Problem requirements — Only an exact repetition of the lines from the one holding "Industrial Amsterdam from" to the end of the data is wanted, with pictures left out.

The data —
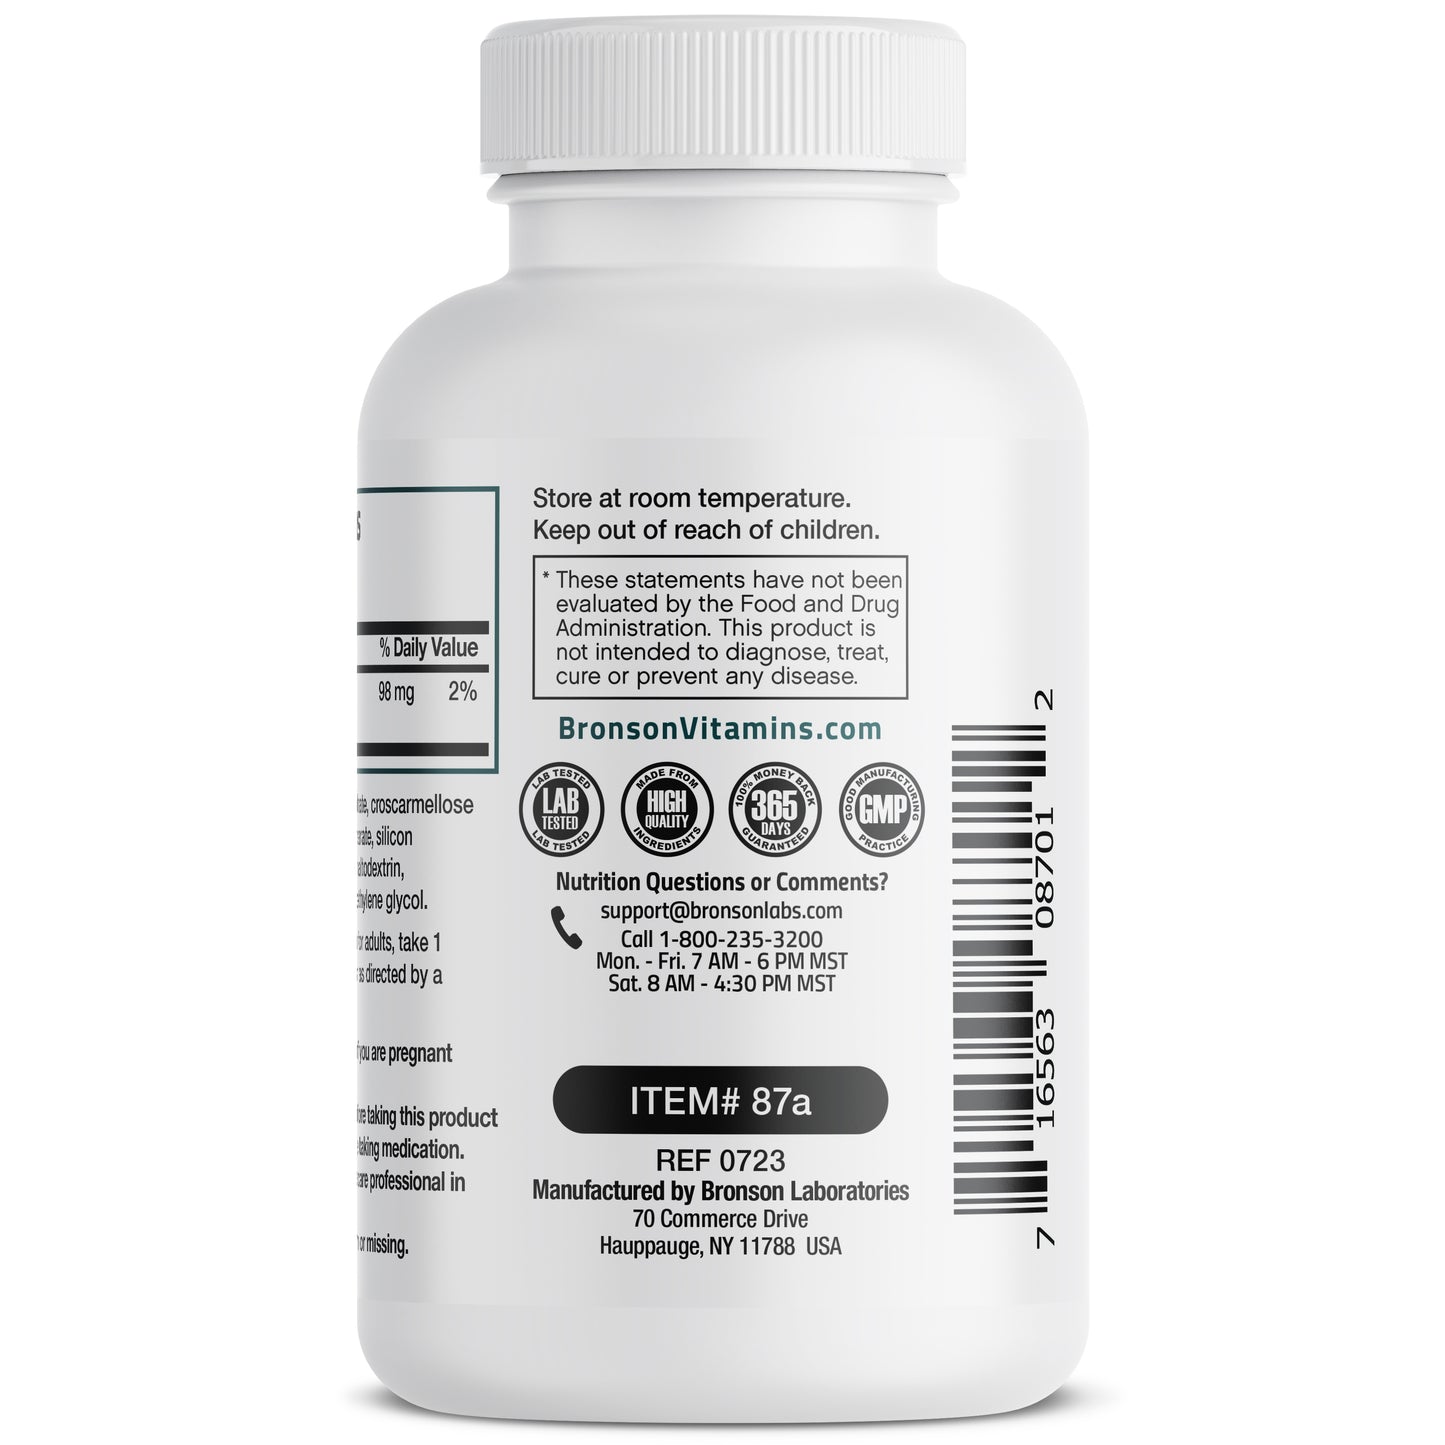 Potassium Gluconate - 98 mg - 100 Tablets
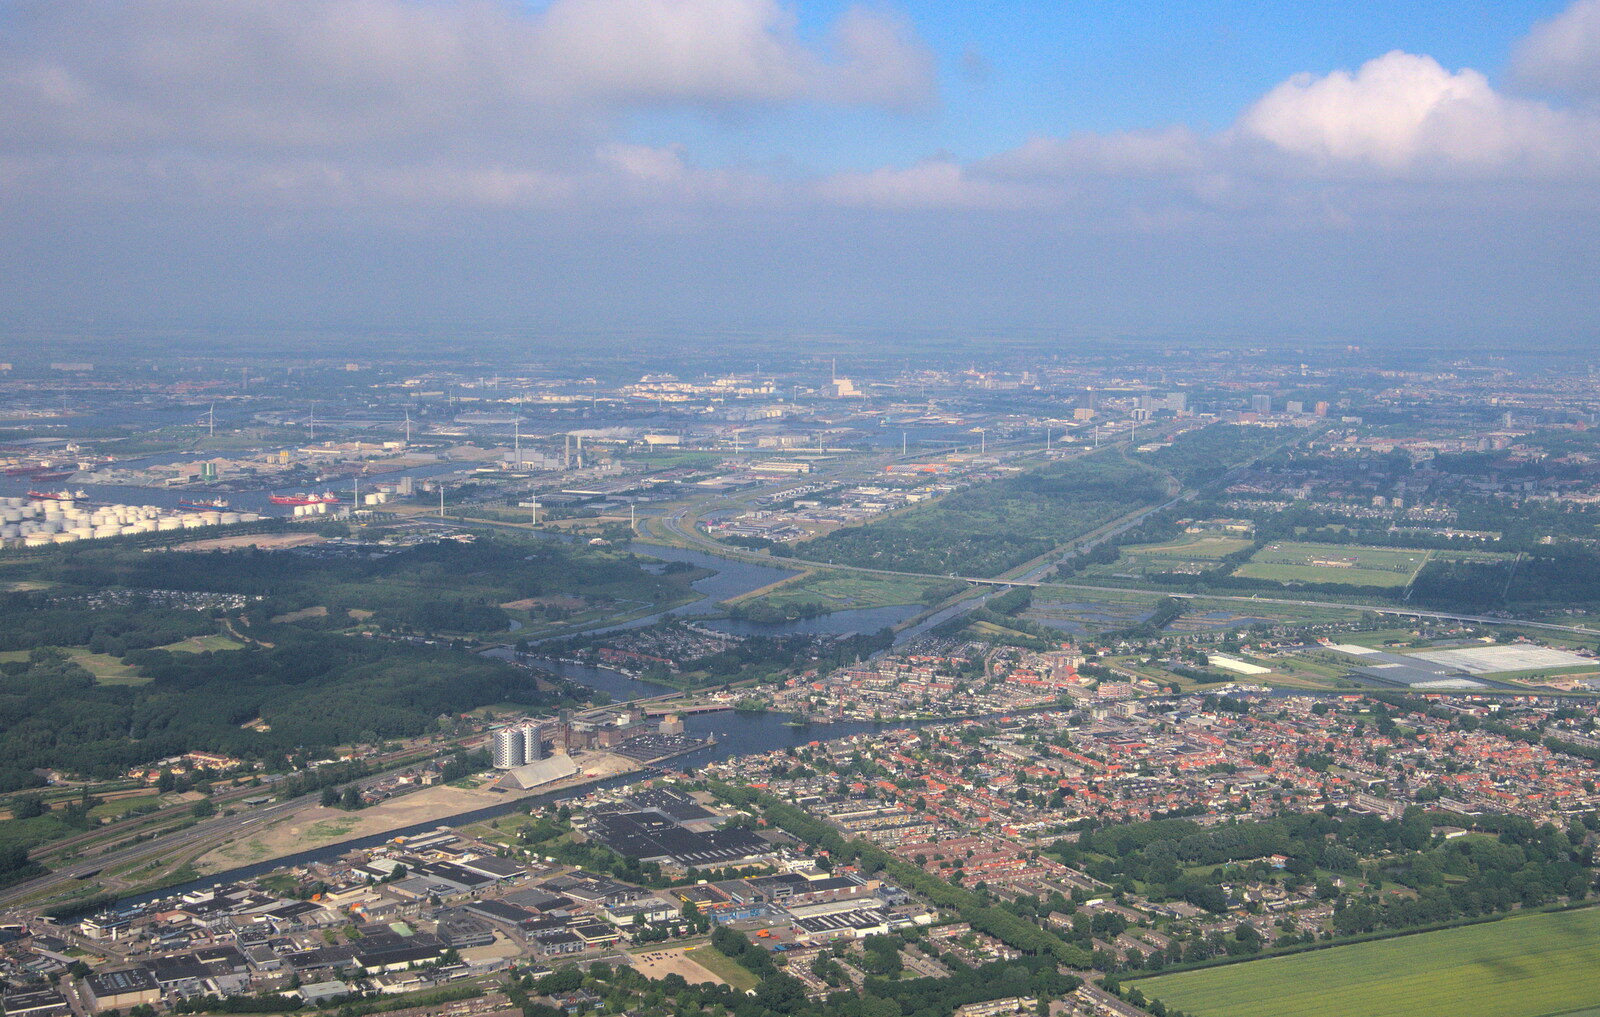 Industrial Amsterdam from A Postcard from Utrecht, Nederlands - 10th June 2018
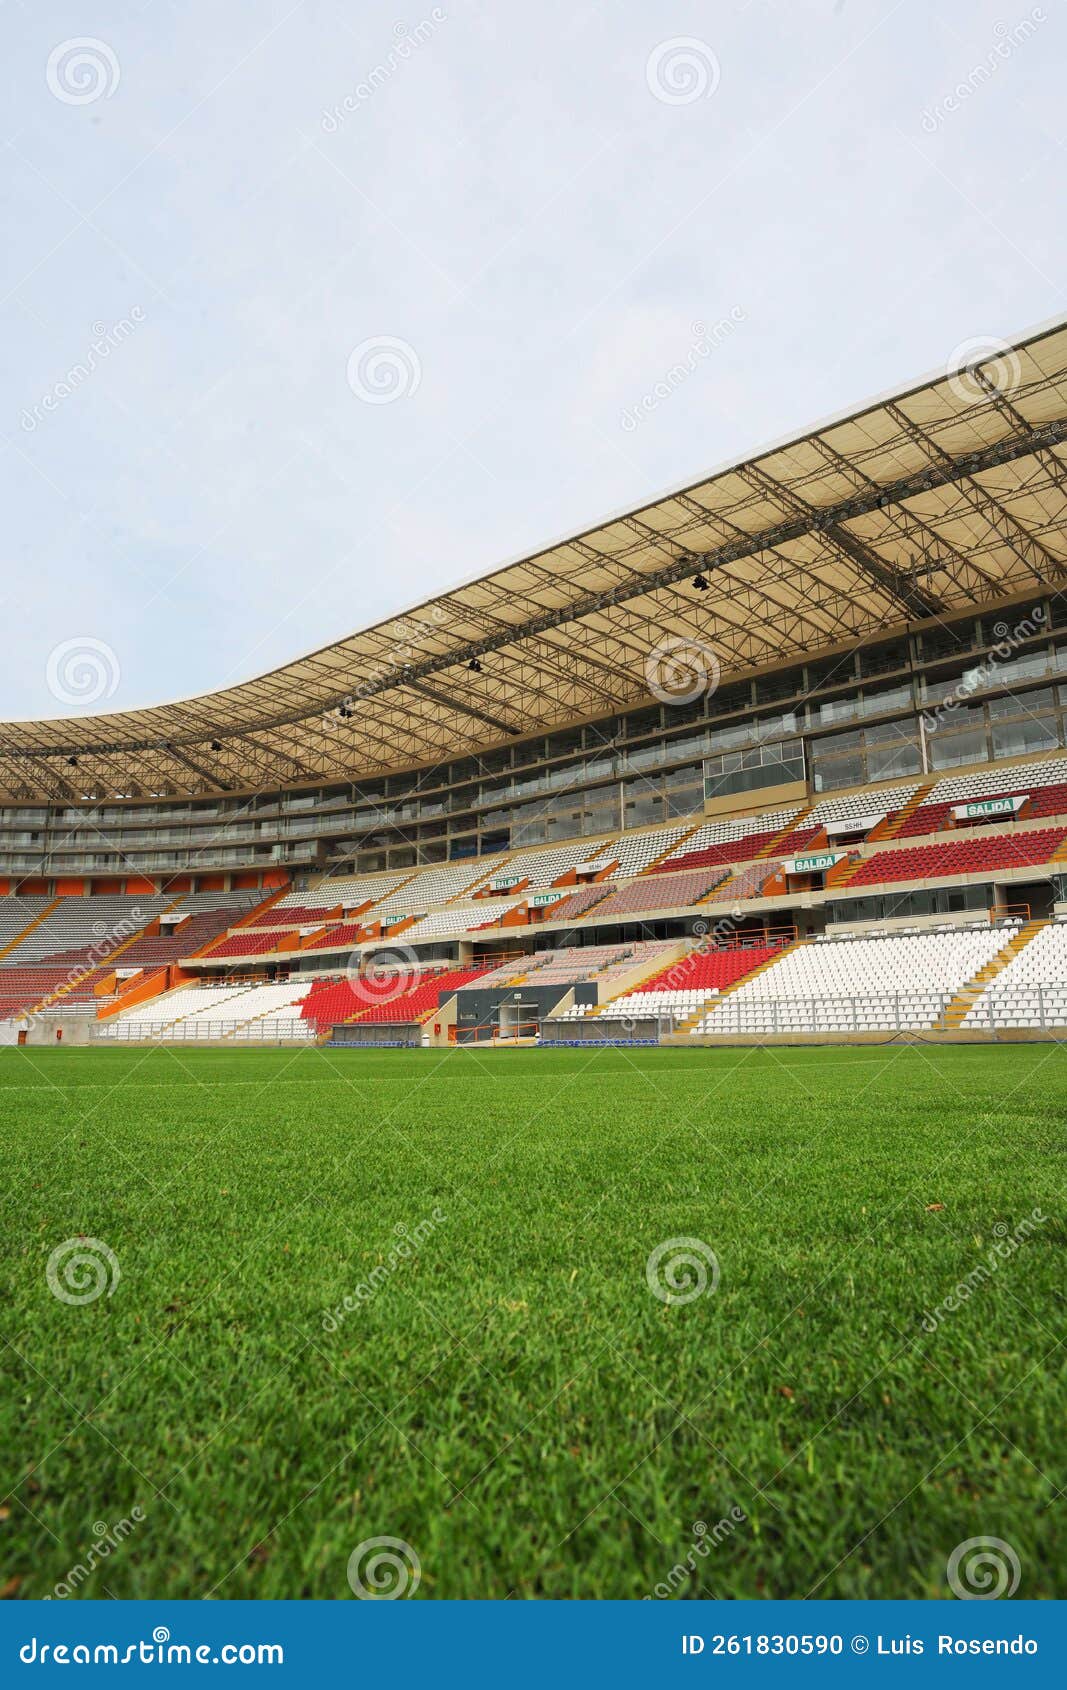 lima peru,new architecture of the field foodball soccer stadium- called national stadium

Task output —
 Industrial Amsterdam from A Postcard from Utrecht, Nederlands - 10th June 2018
 lima peru,new architecture of the field foodball soccer stadium- called national stadium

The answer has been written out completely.